水阶上的永恒
站在福州西湖畔,我望着波光粼粼的湖面,试图在脑海中重建陈宝琛诗中那个已经消失的宛在堂。诗人用“畚锸空思踵桂斋”开篇,那是一种怎样深沉的无力感?就像我们面对历史时常常感到的渺小——明明知道那里曾经存在过什么,却只能通过文字想象,永远无法真正触摸。
诗中的“畚锸”是筑土的工具,“桂斋”指林则徐的故居。诗人想要追随先贤的脚步重修建筑,却发现这只是徒劳。这让我想到去年学校组织我们去参观本地的一处古建筑遗址,那里只剩下几块散落的基石和一块说明牌。老师让我们想象这里曾经的样子,我却怎么也想象不出那些生活在几百年前的人是如何在这里行走、交谈、生活的。

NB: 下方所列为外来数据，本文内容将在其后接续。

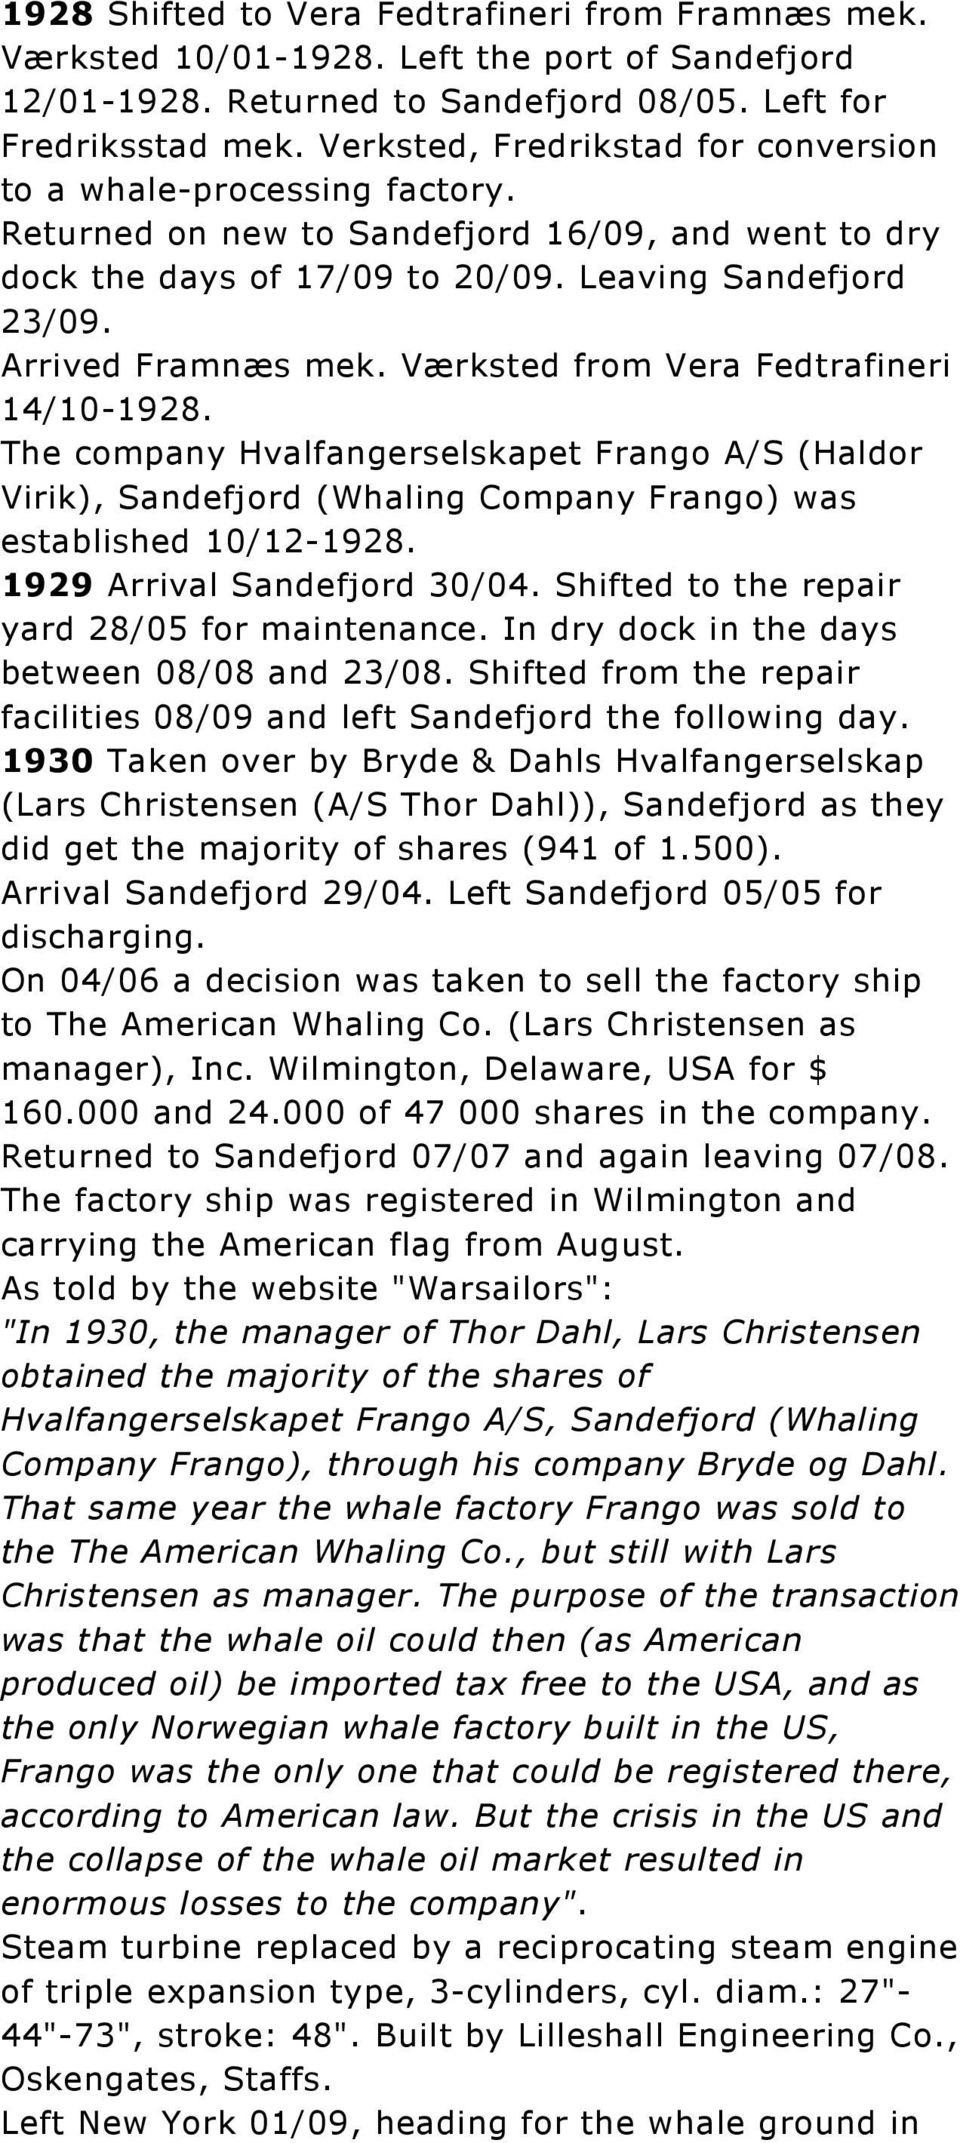 Værksted from Vera Fedtrafineri 14/10-1928. The company Hvalfangerselskapet Frango A/S (Haldor Virik), Sandefjord (Whaling Company Frango) was established 10/12-1928. 1929 Arrival Sandefjord 30/04.

历史和现实之间,隔着一道看不见的墙。
第二句“李祠手葺足伤怀”格外触动我。李忠定就是南宋名臣李纲,他的祠堂是陈宝琛亲手修缮的。但即便是亲手修复的建筑,仍然让人感到忧伤——因为修复本身就在提醒我们:原物已经不在了。这就像我们努力背古诗、读古文,不正是因为在现实生活中已经找不到那些东西了吗?我们通过文字修复记忆,但文字本身就在诉说失去。
最让我深思的是后两句:“池亭藕尽花何有,禁得年年水上阶?”荷花谢了,花当然不见了;可是年复一年,湖水仍然漫上台阶。自然的力量如此强大,不管人类建造什么,最终都会重归自然。这让我联想到今年夏天去海边,看到被台风摧毁的栈道正在重建。工人们说,这是他们第五次重修这段栈道了。人类执着地建造,自然执着地摧毁,这种永恒的拉锯战,既悲壮又美丽。
陈宝琛写这首诗时已经年迈,他见证了一个时代的终结。作为晚清遗老,他眼睁睁看着自己熟悉的世界一点点消失。这种感受,我们年轻人似乎很难体会。但我们真的不能体会吗?我想起小时候经常去玩的老街去年被拆除了,取而代之的是一座购物中心。虽然新建筑更漂亮、更现代化,但我总觉得失去了什么。也许,对消失之物的怀念是人类共同的情感,不分时代,不分年龄。
这首诗最奇妙的地方在于,它既是在哀悼消失的建筑物,又超越了具体的物象。诗人真正伤怀的不是砖瓦木石,而是随之消逝的精神世界和文化记忆。李纲代表的是忠贞报国的精神,林则徐象征的是勇于担当的气节。建筑物会倒塌,但精神应该被传承。可惜的是,诗人担心连这种精神传承也会被时间的洪水淹没。
从写作手法上看,这首诗短短四句,却包含了三层转折:从追思先贤到亲手修复,从修复到伤怀,最后上升到对永恒与流逝的哲学思考。尤其是“禁得年年水上阶”这个问句,既是写实——西湖水位年年上涨淹没台阶,又是隐喻——问历史洪流中,有什么能够真正永恒存在?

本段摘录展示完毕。